Судя по произведениям Элиота и Г. Иванова, те, кто сформировался в рамках докризисной культуры, видели в крахе традиционных смыслов и ценностей катастрофу вселенского масштаба. В «Бесплодной земле» и «Распаде атома» лирические герои потрясены видением лежащей в руинах культуры, они бесцельно блуждают среди обломков, кажущихся абсурдными и ненужными в отрыве от забытого целого. Что же касается представителей младшего поколения, то они, не обладая хрестоматийным культурным багажом или игнорируя его, наполняли эти «обломки» новыми значениями. Целью трех следующих глав не является дать исчерпывающий обзор откликов писателей Монпарнаса на русскую классику; скорее, в них будет приведен ряд показательных примеров, которые выявляют специфику их прочтения ключевых авторов, мифов и топосов дореволюционной русской культуры.
Глава 10
«Третьестепенный стихотворец… но гениальный поэт»: Лермонтов и русский Монпарнас
Самым дерзким примером пересмотра молодыми парижскими авторами классического канона русской литературы стало ниспровержение Пушкина: как им казалось, его «гармония» утратила смысл в постапокалиптическом мире. В основе нападок на самую сакральную фигуру в пантеоне русской культуры не лежало, разумеется, отвержение поэзии Пушкина как таковой. Скорее, оспаривая «пушкиноцентрический» дискурс, укоренившийся в мейнстриме русского зарубежья, представители молодого поколения создавали для себя альтернативную эстетическую и духовную родословную.

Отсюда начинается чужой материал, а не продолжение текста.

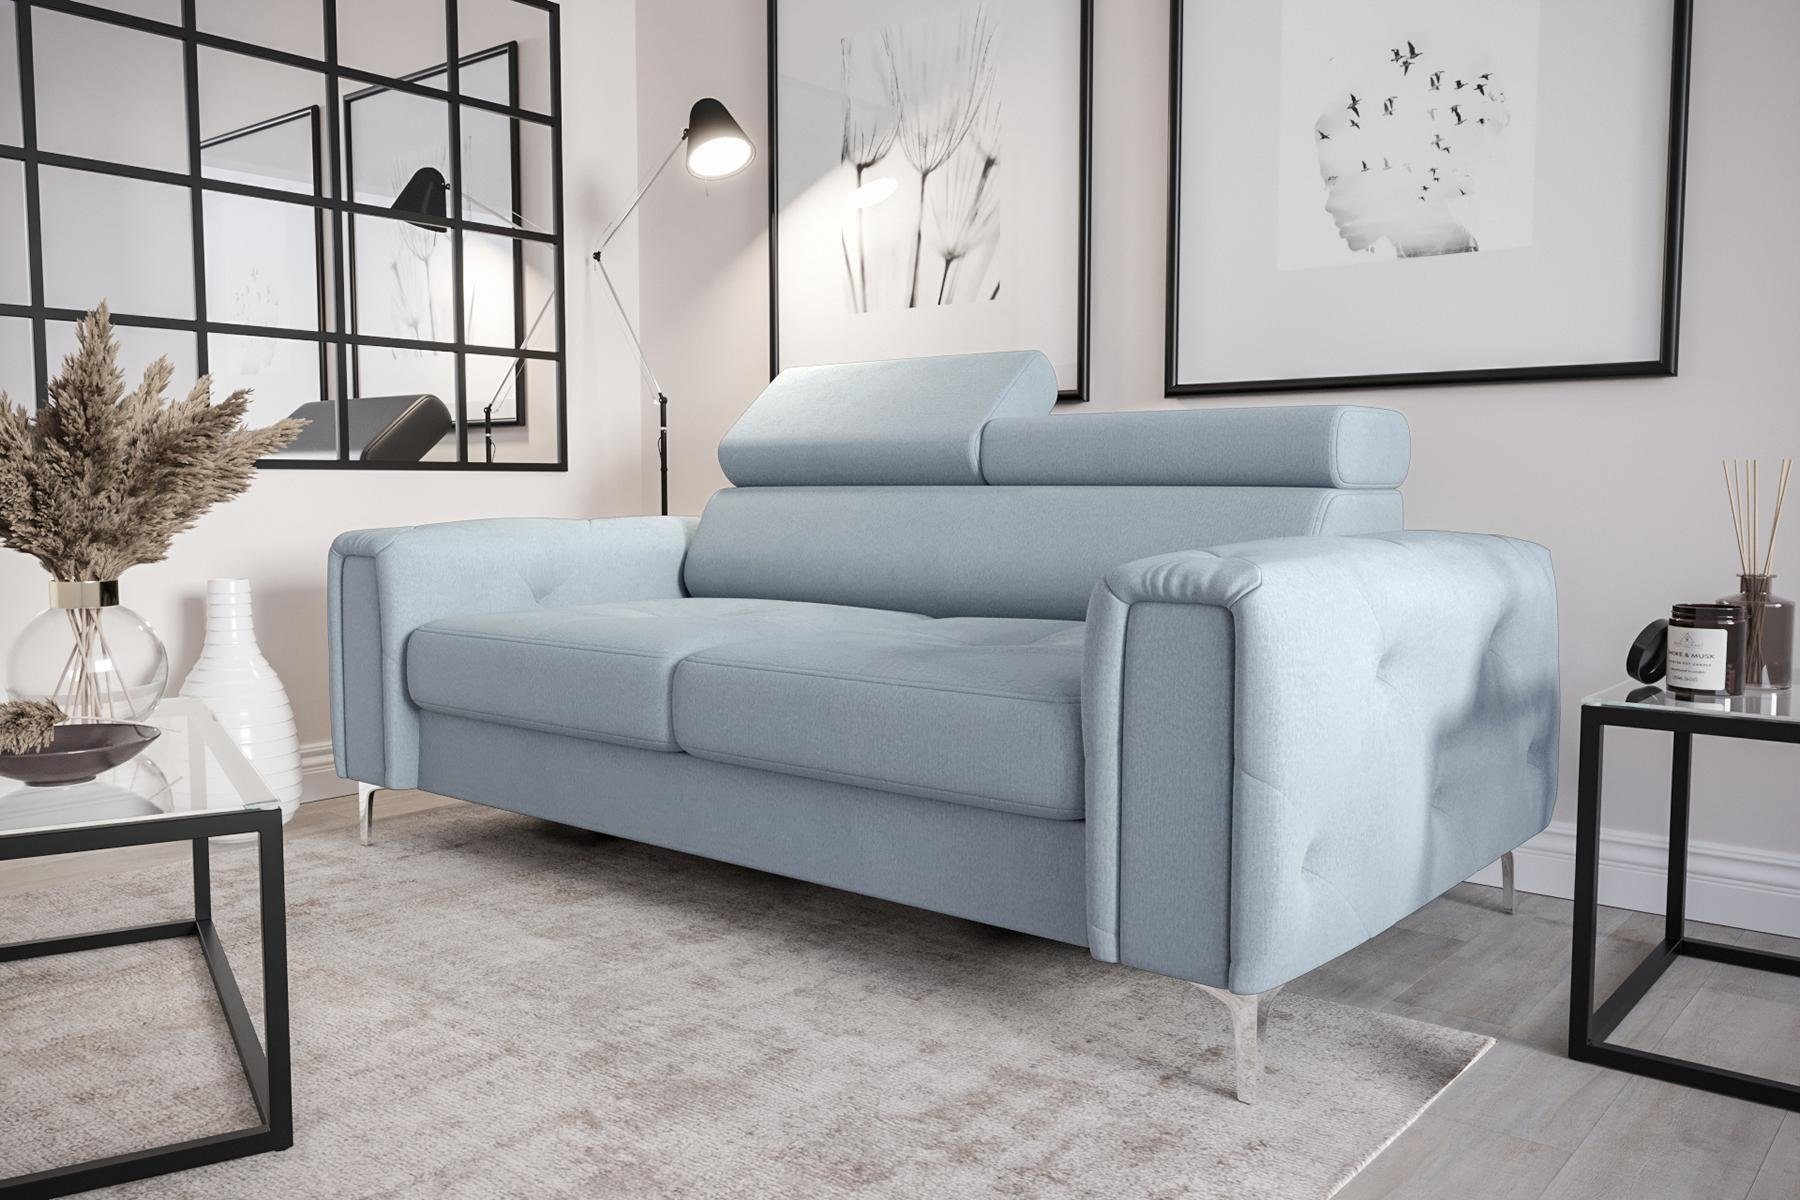 JVmoebel Sofa Designer 2-Sitzer Sofa Couchen Luxus Polster Möbel Sofa Couch Sitz, Made in Europe Blau | Blau | Blau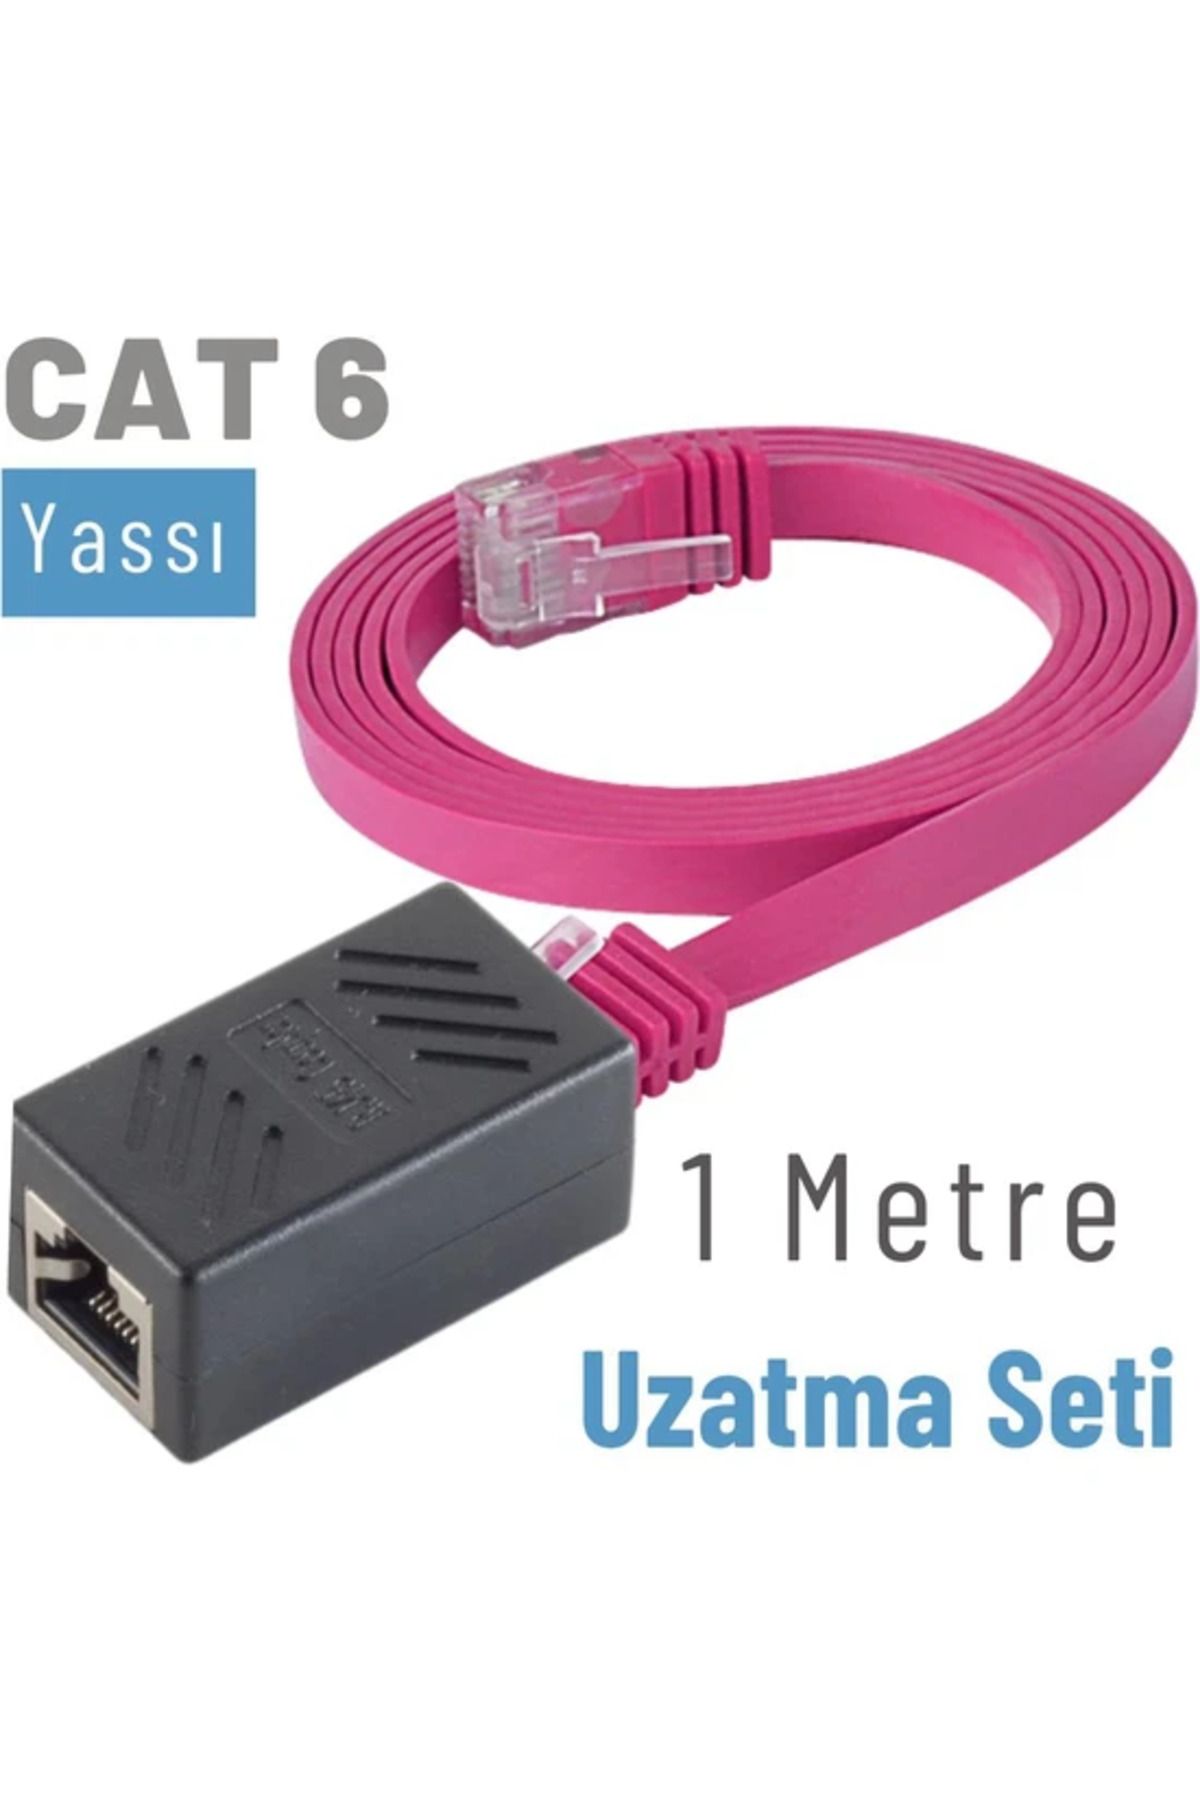 IRENIS Cat6 Kablo 1 Metre Uzatma Seti, Yassı Ethernet Kablo Ve Ekleyici,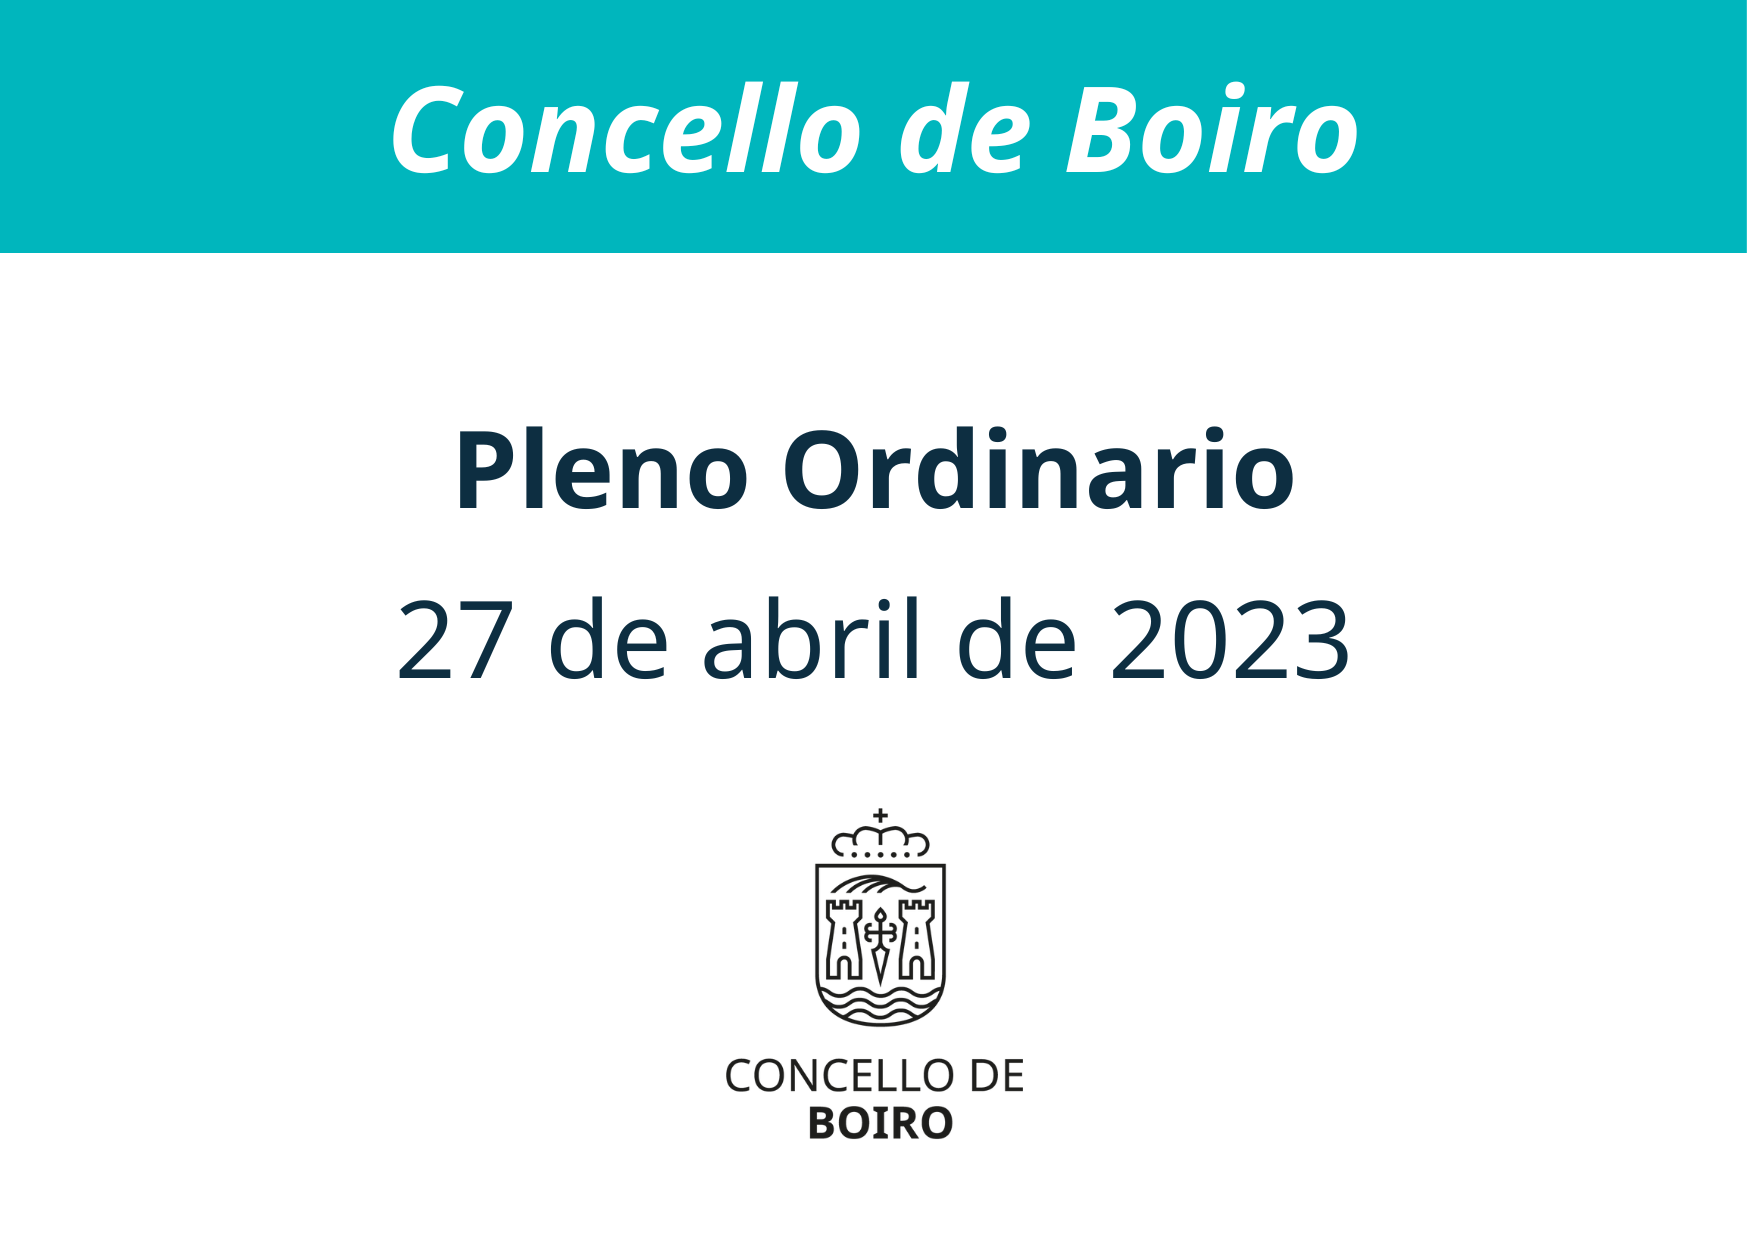 Pleno ordinario do 27 de abril de 2023 | Concello de Boiro 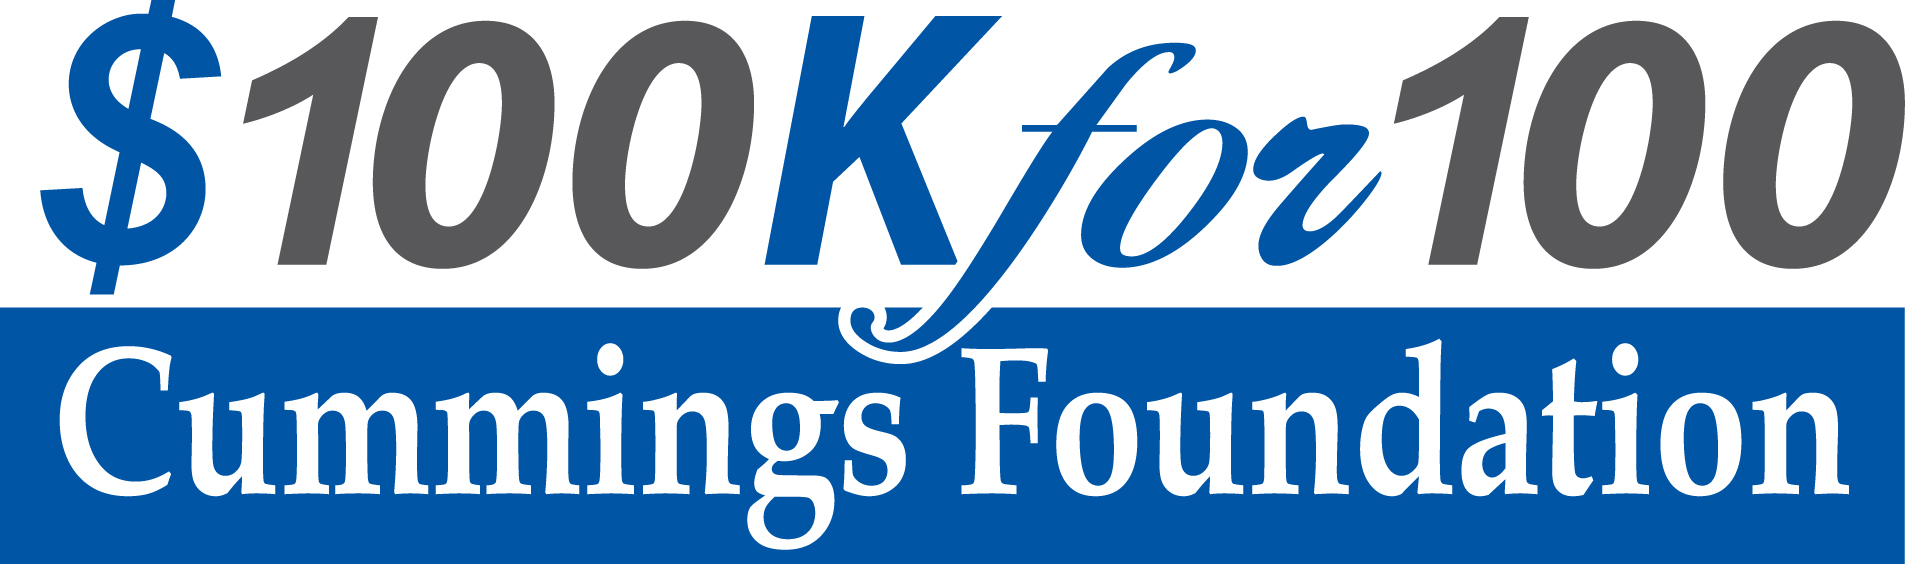 100Kfor100 logo.jpg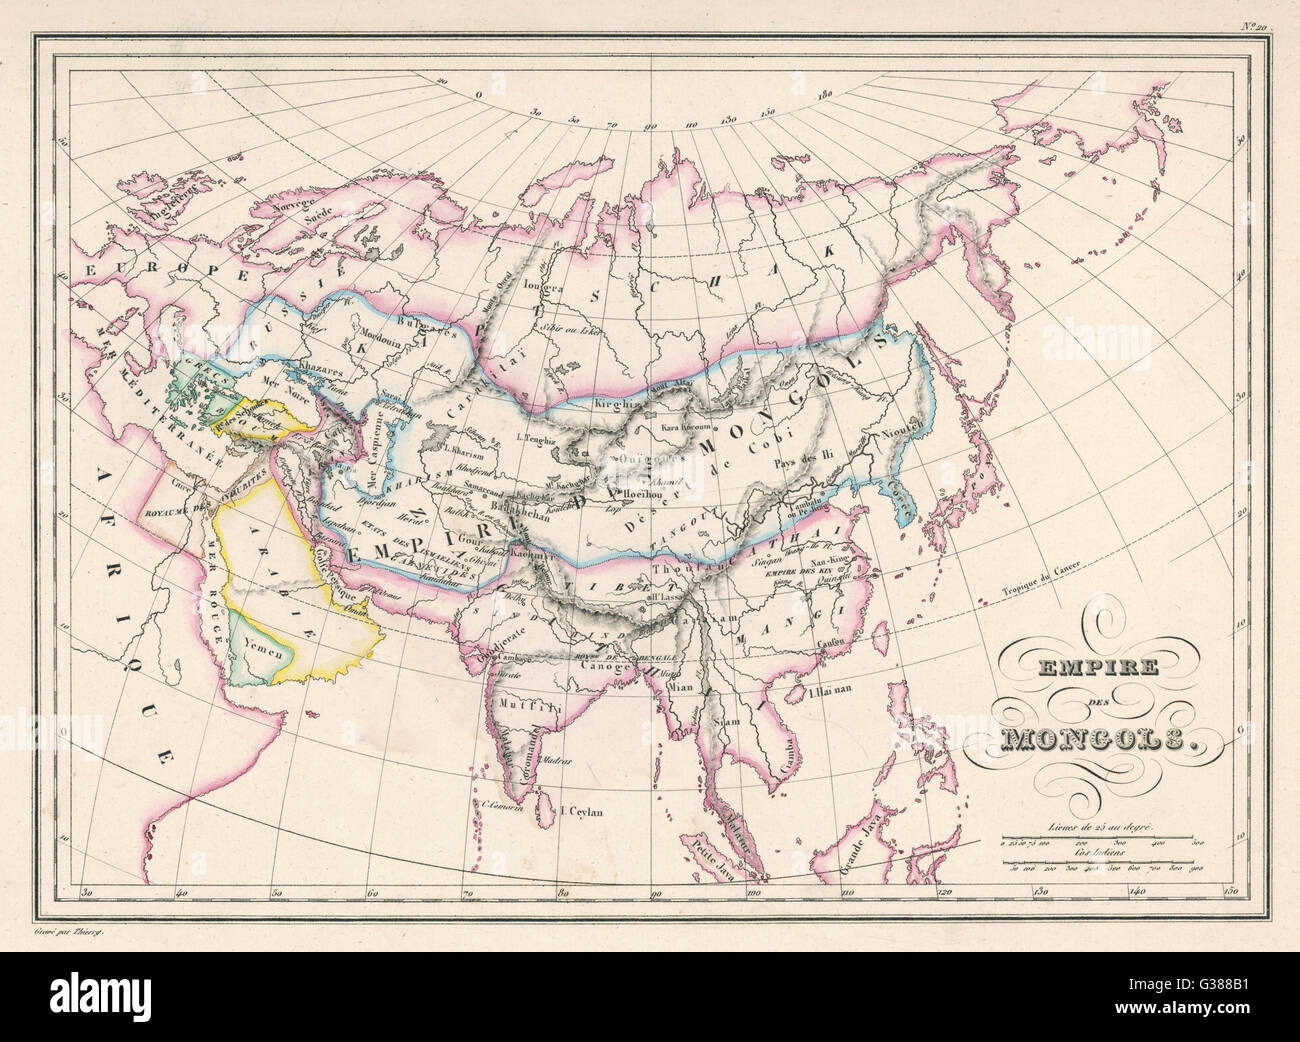 Das mongolische Reich an seine größte Ausdehnung: von Dschingis Khan im 13. Jahrhundert begann, wurde es von Kublai Khan aber zerbrach nach etwa 1380 Datum erweitert: ca. 1300 Stockfoto

Для эмигрантов Пушкин как символ национального своеобразия не имел себе равных – за исключением разве что Достоевского (чья Пушкинская речь, впрочем, во многом задала тон эмигрантской пушкинианы). Стремление диаспоры к культурной консервации создало подходящую почву для нового раунда сакрализации Пушкина, представшего теперь олицетворением дореволюционной культуры, мессианской роли страны и ее духовности, – именно эти ценности предполагалось культивировать в диаспоре[480]
. Роль Пушкина для выживших в большевистской катастрофе была обозначена Ходасевичем в его речи «Колеблемый треножник» (1921), которую он произнес накануне отъезда из России в петроградском Доме литераторов. Признавая, что наступившие «сумерки культуры» повлекут за собой и «затмение Пушкина», Ходасевич все же заклинал единомышленников: «О, никогда не порвется кровная, неизбывная связь русской культуры с Пушкиным […] Это мы уславливаемся, каким именем нам аукаться, как нам перекликаться в надвигающемся мраке»[481]. Превращение Пушкина в ключевую культурную идеологему диаспоры вело к злоупотреблению в эмигрантских публикациях расхожими клише, вроде «Пушкин – наше все» или «солнце русской поэзии». Константин Бальмонт, например, восторженно развивал последнюю метафору, говоря о «праведной крови» поэта, «расцвеченной последними зорями его родного африканского Солнца»[482].В речи, произнесенной 6 июня 1926 года, в день рождения Пушкина – его ежегодно отмечали по всей диаспоре как День русской культуры, – Василий Маклаков, один из лидеров русского зарубежья, в свое время назначенный Временным правительством послом России во Франции, подчеркнул, какую опасность для эмигрантской культуры представляет традиционная склонность русских подпадать под иностранные влияния. Некогда способность русской культуры к ассимиляции заимствованного была благотворной, однако теперь, когда русская культура находится в окружении чужой, во многом ее превосходящей, эта способность может привести к утрате самобытности. По мысли Маклакова, именно Пушкин был призван оберегать чистоту культуры русского зарубежья[483]
. Кроме того, имя поэта упоминали и в контексте масштабных политических прожектов. Петр Струве считал, что возрождение Русского государства возможно только «под знаком Петра Великого, просветленного художническим гением Пушкина»[484], а Мережковский утверждал, что Пушкин продолжил дело Петра в объединении Европы и Азии, Востока и Запада в «грядущей всемирности»[485]. Помимо участия в этих грандиозных политических и культурных проектах, Пушкину вменялась и более скромная роль «учителя жизни» – она напрямую отражена в названии статьи Кирилла Зайцева «Пушкин как учитель жизни» (1927). Отталкиваясь от «Речи о Пушкине» Достоевского, Зайцев заявляет, что поэт является воплощением «бытийного добра и духовного здоровья русской национальной стихии», укорененных в «целостном религиозном сознании»[486]. Это и подобные утверждения демонстрируют, что эмигранты первой волны использовали имя и авторитет поэта для подкрепления своих политических, эстетических или идеологических взглядов.